In 1998, the Forensic DNA Research Institute of Federal District Civil Police created DNA databases of sexual assault evidence.[28] In 2012, Brazil approved a national law establishing DNA databases at state and national levels regarding DNA typing of individuals convicted of violent crimes.[28] Following the decree of the Presidency of the Republic of Brazil in 2013, which regulates the 2012 law, Brazil began using CODIS in addition to the DNA databases of sexual assault evidence to solve sexual assault crimes in Brazil.[28]

Interpol DNA database

The Interpol DNA database is also used in criminal investigations. Interpol maintains an automated DNA database called DNA Gateway that contains DNA profiles submitted by member countries collected from crime scenes, missing persons, and unidentified bodies.[29] The DNA Gateway was established in 2002, and at the end of 2013, it had more than 140,000 DNA profiles from 69 member countries. Unlike other DNA databases, DNA Gateway is only used for information sharing and comparison, it does not link a DNA profile to any individual, and the physical or psychological conditions of an individual are not included in the database.[30]

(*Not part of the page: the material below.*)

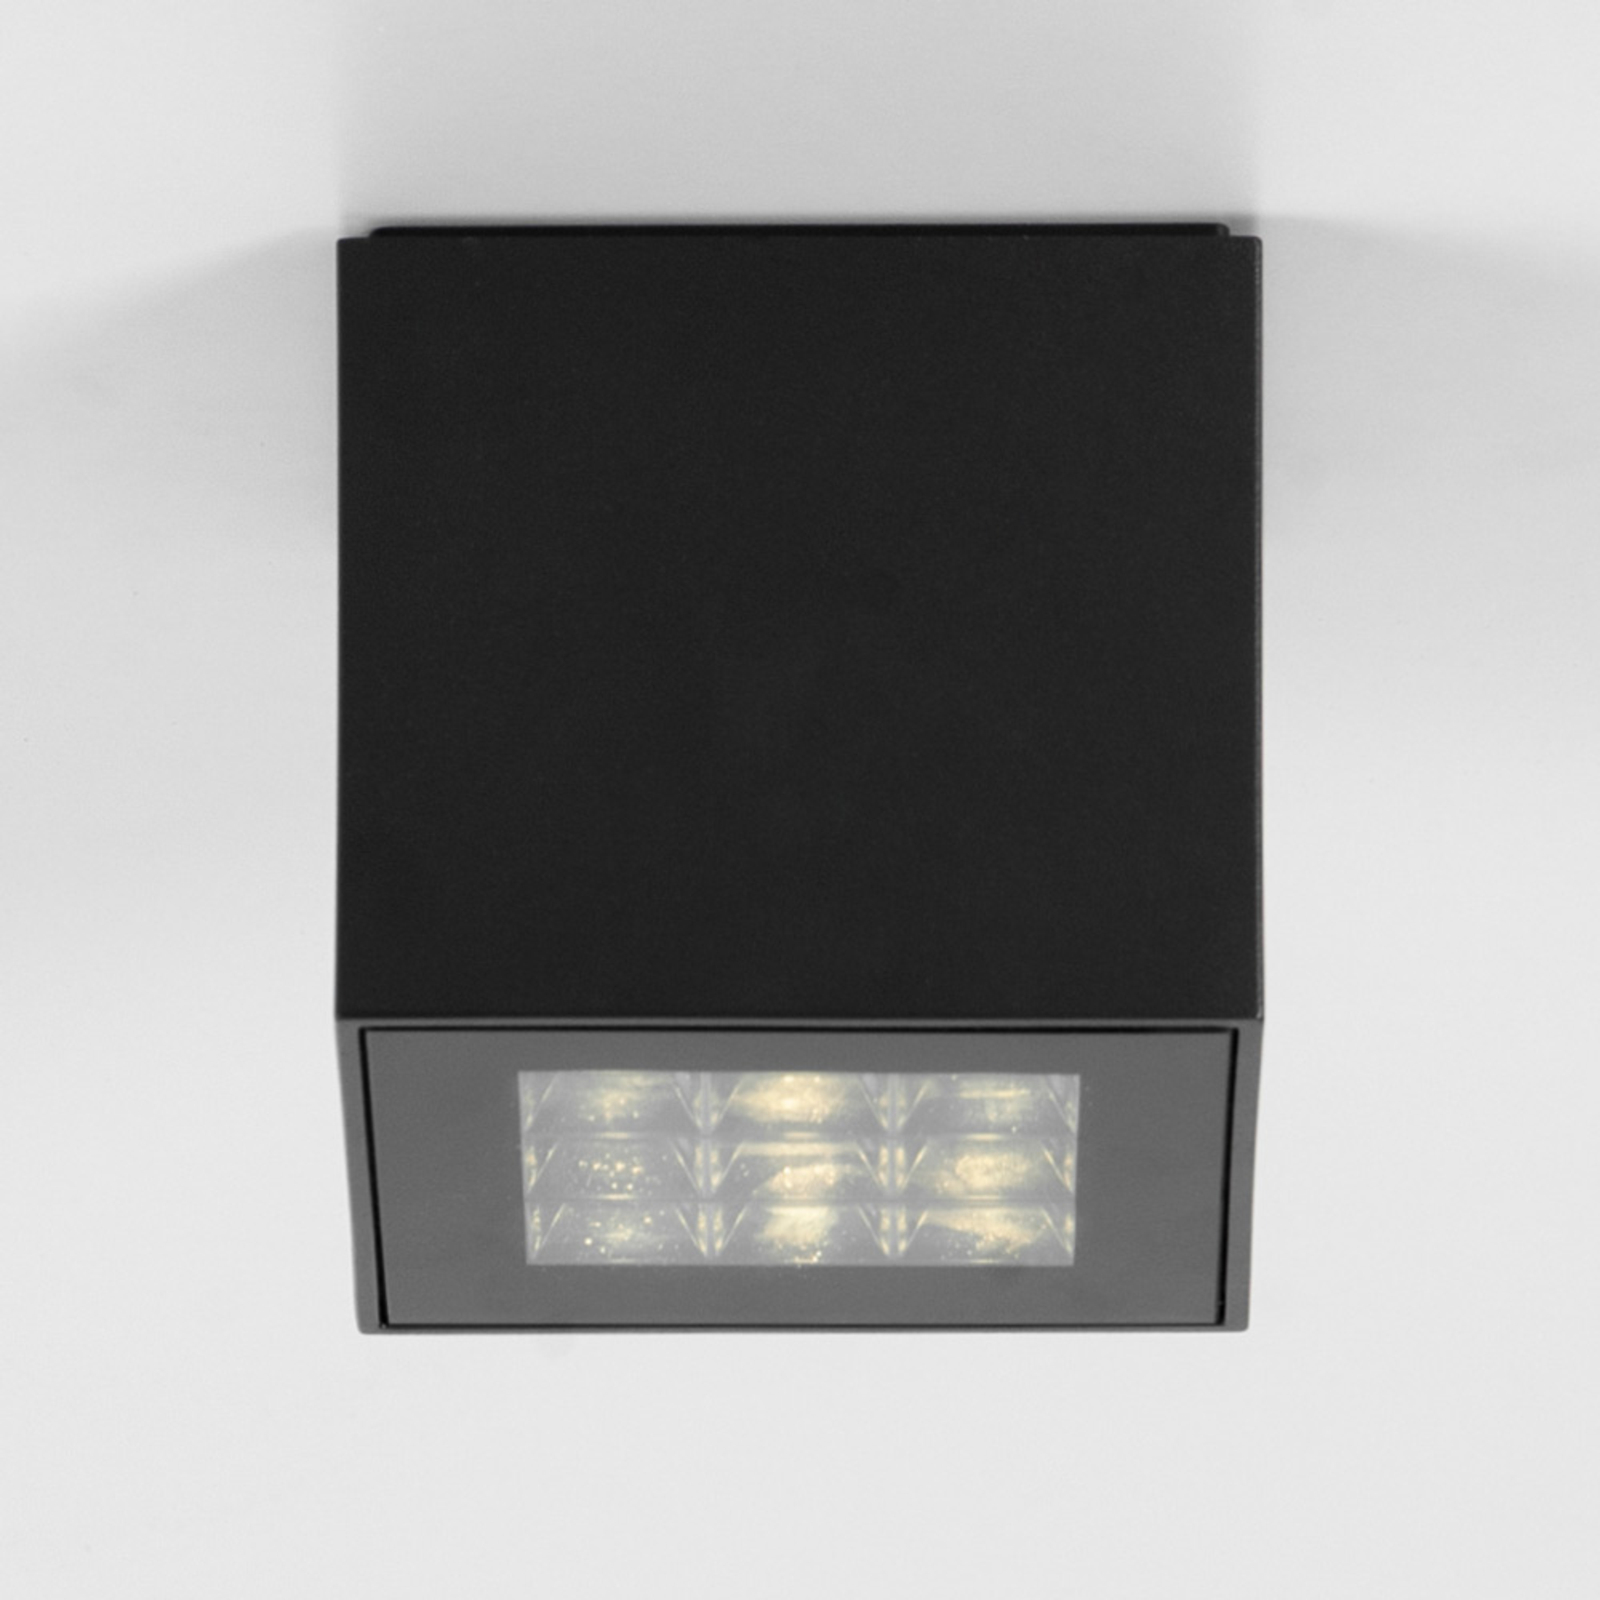 BRUMBERG Blokk plafonnier LED, 11 x 11 cm

[31] [32] DNA databases occupy more storage when compared to other non DNA databases due to enormous size of each DNA sequence. Every year DNA databases are growing exponentially. This posed a major challenge to storage, data transfer, retrieval and search. To address these challenges DNA databases are compressed to save storage space and bandwidth during the data transfers. They are decompressed during search and retrieval. Various compression algorithms are used to compress and decompress. The efficiency of any compression algorithm depends how well and fast it compresses and decompresses, which is generally measured in compression ratio. The greater the compression ratio, the better the efficiency of an algorithm. At the same time, the speed of compression and decompression are also considered for evaluation.

DNA sequences contain repetitions of A, C, T, G in the form of palindrome. Compression of sequence involves searching and encoding these repetitions and decoding them when decompressed.

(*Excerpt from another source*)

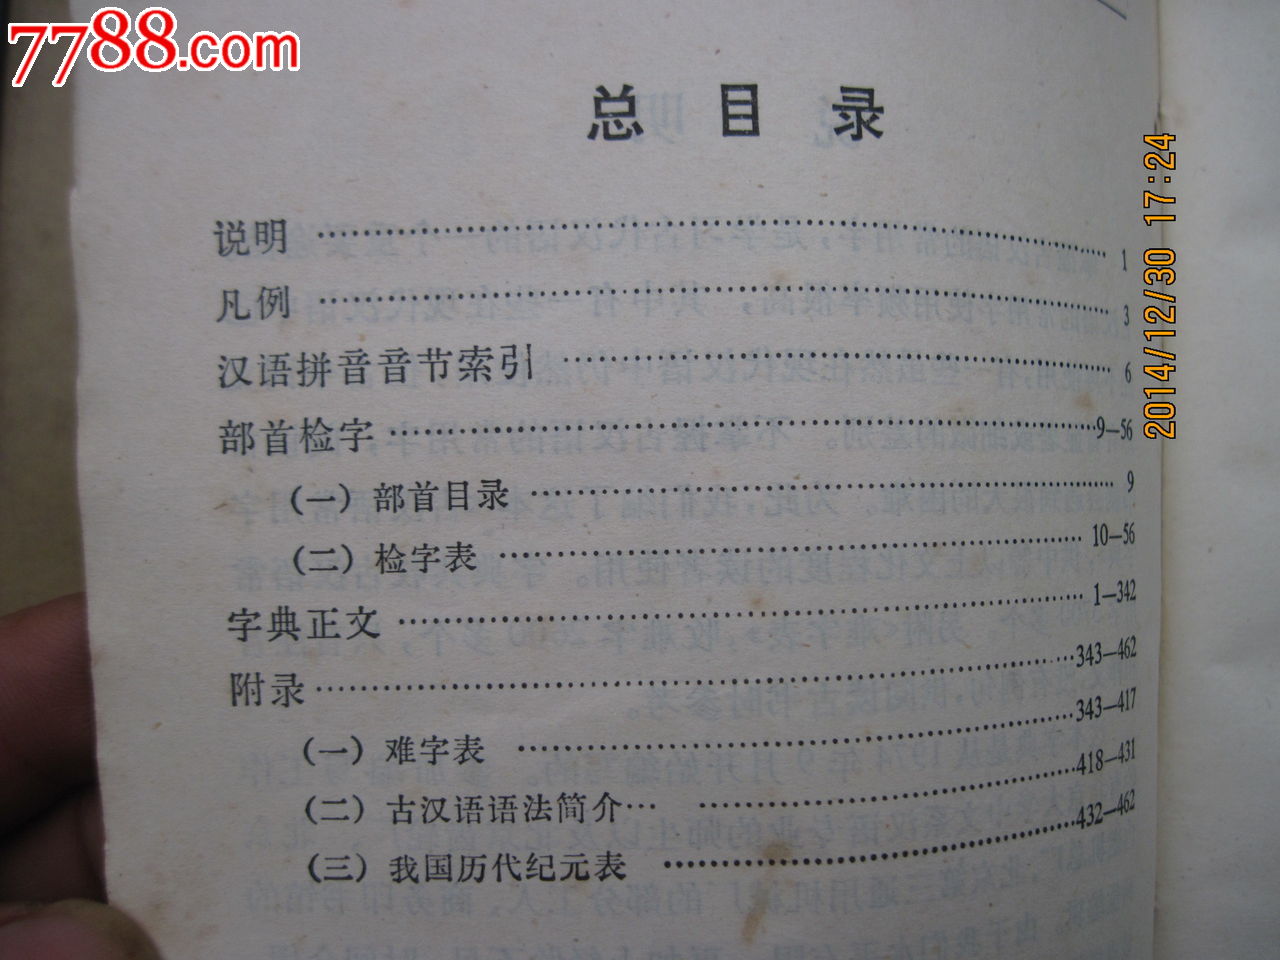 古汉语常用字字典-价格:6元-se27850696-字典

Some of the several encoding approaches used to encode and decode are

1) Huffman Encoding

2) Adaptive Huffman Encoding

3) Arithmetic coding

4) Arithmetic adaptive coding

5) Context tree weighted method

Few of the compression algorithms listed below use the one of the above encoding approaches to compress and decompress DNA database


2) RLZ

3) GenCompress

4) BioCompress

5) DNACompress


DNA databases and medicine

Many countries collect newborn blood samples to screen for diseases mainly with a genetic basis. Mainly these are destroyed soon after testing. In some countries the dried blood (and the DNA) is retained for later testing.

In Denmark the Danish Newborn Screening Biobank at Statens Serum Institut keeps a blood sample from people born after 1981. The purpose is to test for phenylketonuria and other diseases.[33] However, it is also used for DNA profiling to identify deceased and suspected criminals.[34] Parents can request that the blood sample of their newborn be destroyed after the result of the test is known.

Privacy issues

Critics of DNA databases warn that the various uses of the technology can pose a threat to individual civil liberties.[35][36] Personal information included in genetic material, such as markers that identify various genetic diseases and behavioral traits, could be used for discriminatory profiling and its collection may constitute an invasion of privacy.[37] Also, DNA can be used to establish paternity and whether or not a child is adopted. Nowadays, the privacy and security issues of DNA database has caused huge attention. Some people are afraid that their personal DNA information will be let out easily, others may define their DNA profiles recording in the Databases as a sense of "criminal", and being falsely accused in a crime can lead to having a "criminal" record for the rest of their lives.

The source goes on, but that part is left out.